Gebäude steht neben Gebäude, aufgereiht an einer großen Nord-Süd-Achse, die man bei BMW Magistrale nennt. „Es ist eine Schnellstraße, die sich durch den Campus zieht“, erklärt Baumgartner.

Diese Anordnung hat zwei Vorteile. Erstens macht sie die Wege kürzer. Das FIZ-Gelände soll durch Firmen-Shuttle-Busse, Leihräder, aber auch Förderbänder erschlossen werden. Auf einer eigenen App können Mitarbeiter nachsehen, wie sie auf dem Gelände am schnellsten von A nach B kommen.

Der zweite Vorteil: Eine Hauptstraße zwingt die Menschen, sich zufällig zu begegnen. Das sei wichtig im Entwicklungsprozess. „Wir haben noch die romantische Vorstellung, dass Erfindungen von einem einzelnen Genie kommen“, sagt Baumgartner.

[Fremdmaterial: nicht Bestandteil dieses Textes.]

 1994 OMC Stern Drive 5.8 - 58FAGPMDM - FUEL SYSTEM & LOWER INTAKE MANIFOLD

Das gebe es, „aber in der Regel ist es ein gegenseitiges Befruchten.“ Er gibt ein Beispiel: Experten für Federung und Getriebe müssen sich mit denjenigen für die Karosserie abstimmen, damit beim fertigen Auto alles passt. Das geschieht im Gespräch oder am Modell, bei vereinbarten Terminen. Neue Ideen oder Denkanstöße lassen sich aber besser in einem spontanen Gespräch austauschen. Dass es dazu kommt, also dass sich Menschen auf dem riesigen Campus begegnen, muss Baumgartner organisieren. Genauso wie Cafés oder Besprechungsecken, in die man sich dann spontan zurückziehen kann.

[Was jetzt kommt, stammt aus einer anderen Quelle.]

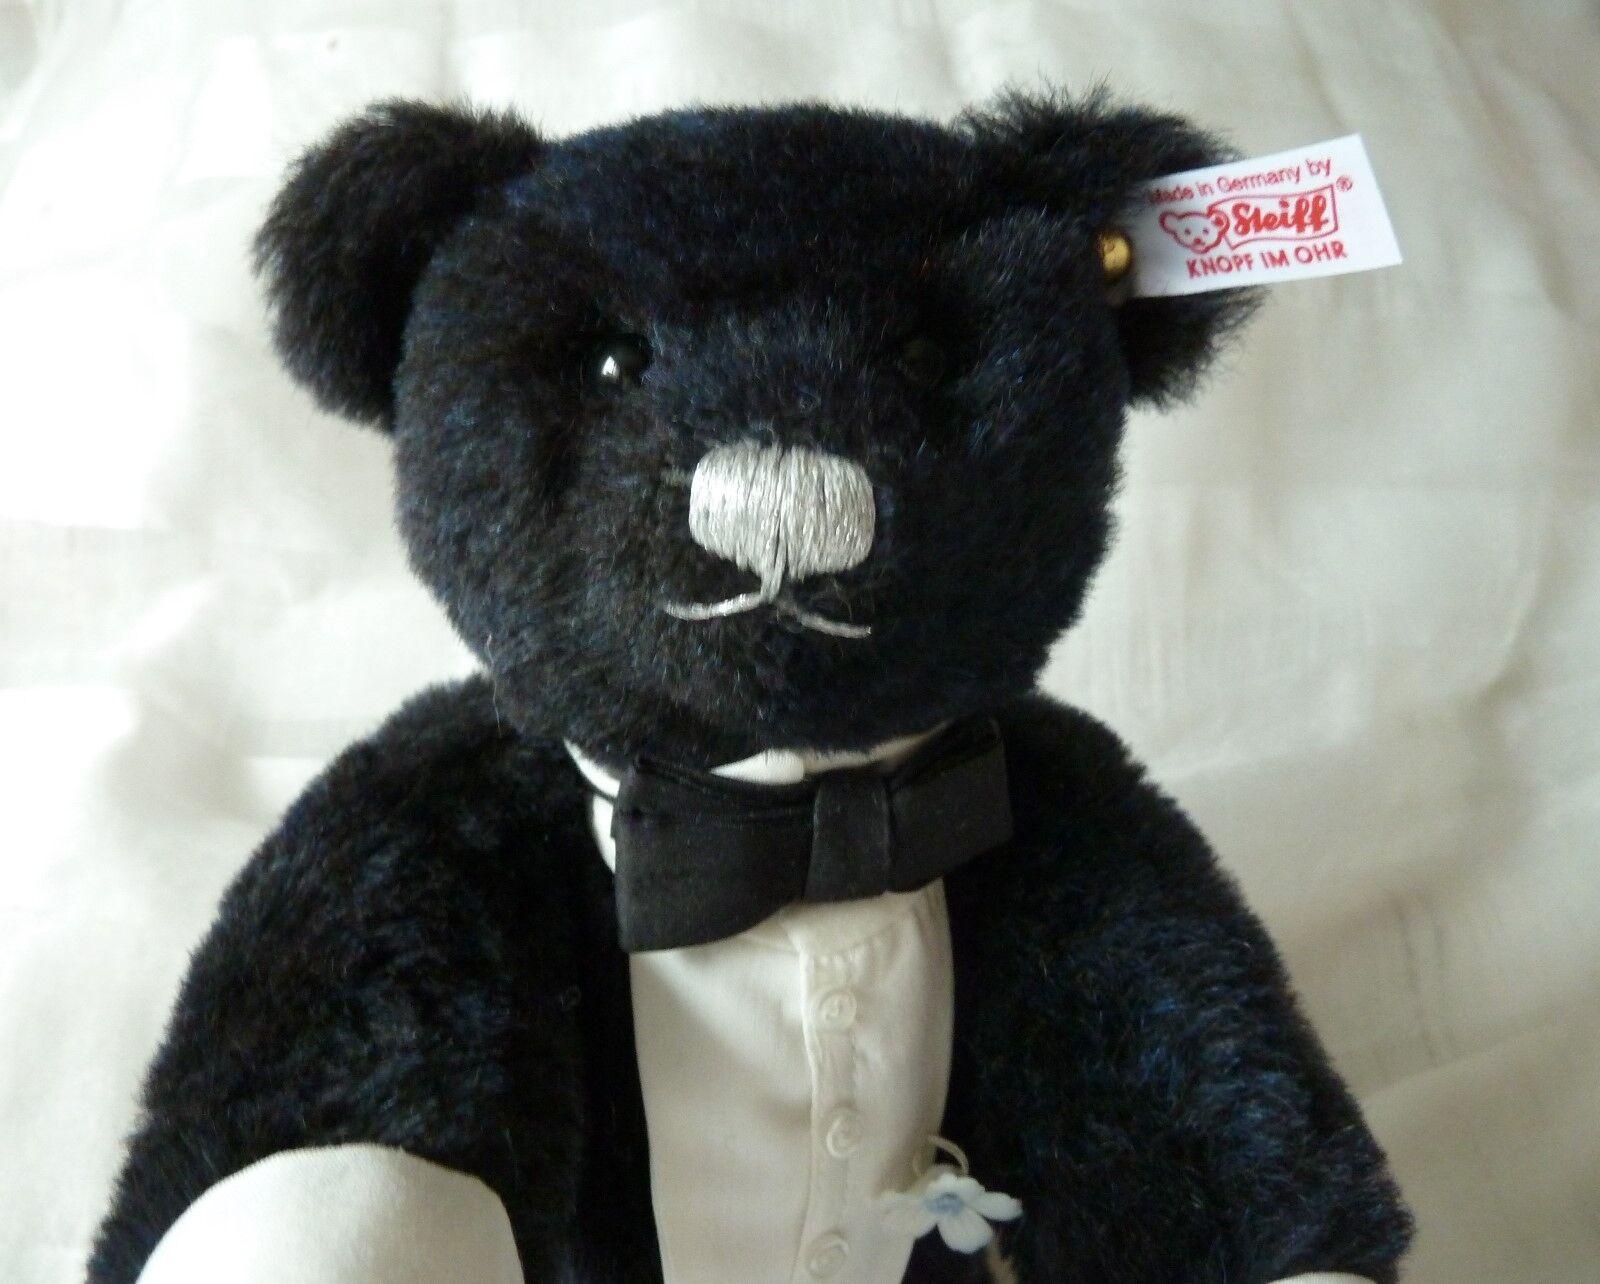 Steiff Bräutigam aus Set glückliche Brautpaar 677083 Teddybär Teddy Bär Hochzeit

Das klingt nach moderner Arbeitswelt. Ohne Reibungsverluste geht es aber nicht. Der klassische eigene Schreibtisch wird bei BMW schrittweise verschwinden. Baumgartner gibt zu, dass das für manche Kollegen hart ist. „Das ist mehr als eine Möblierungsfrage“, sagt er. Da muss viel geredet und gezeigt werden.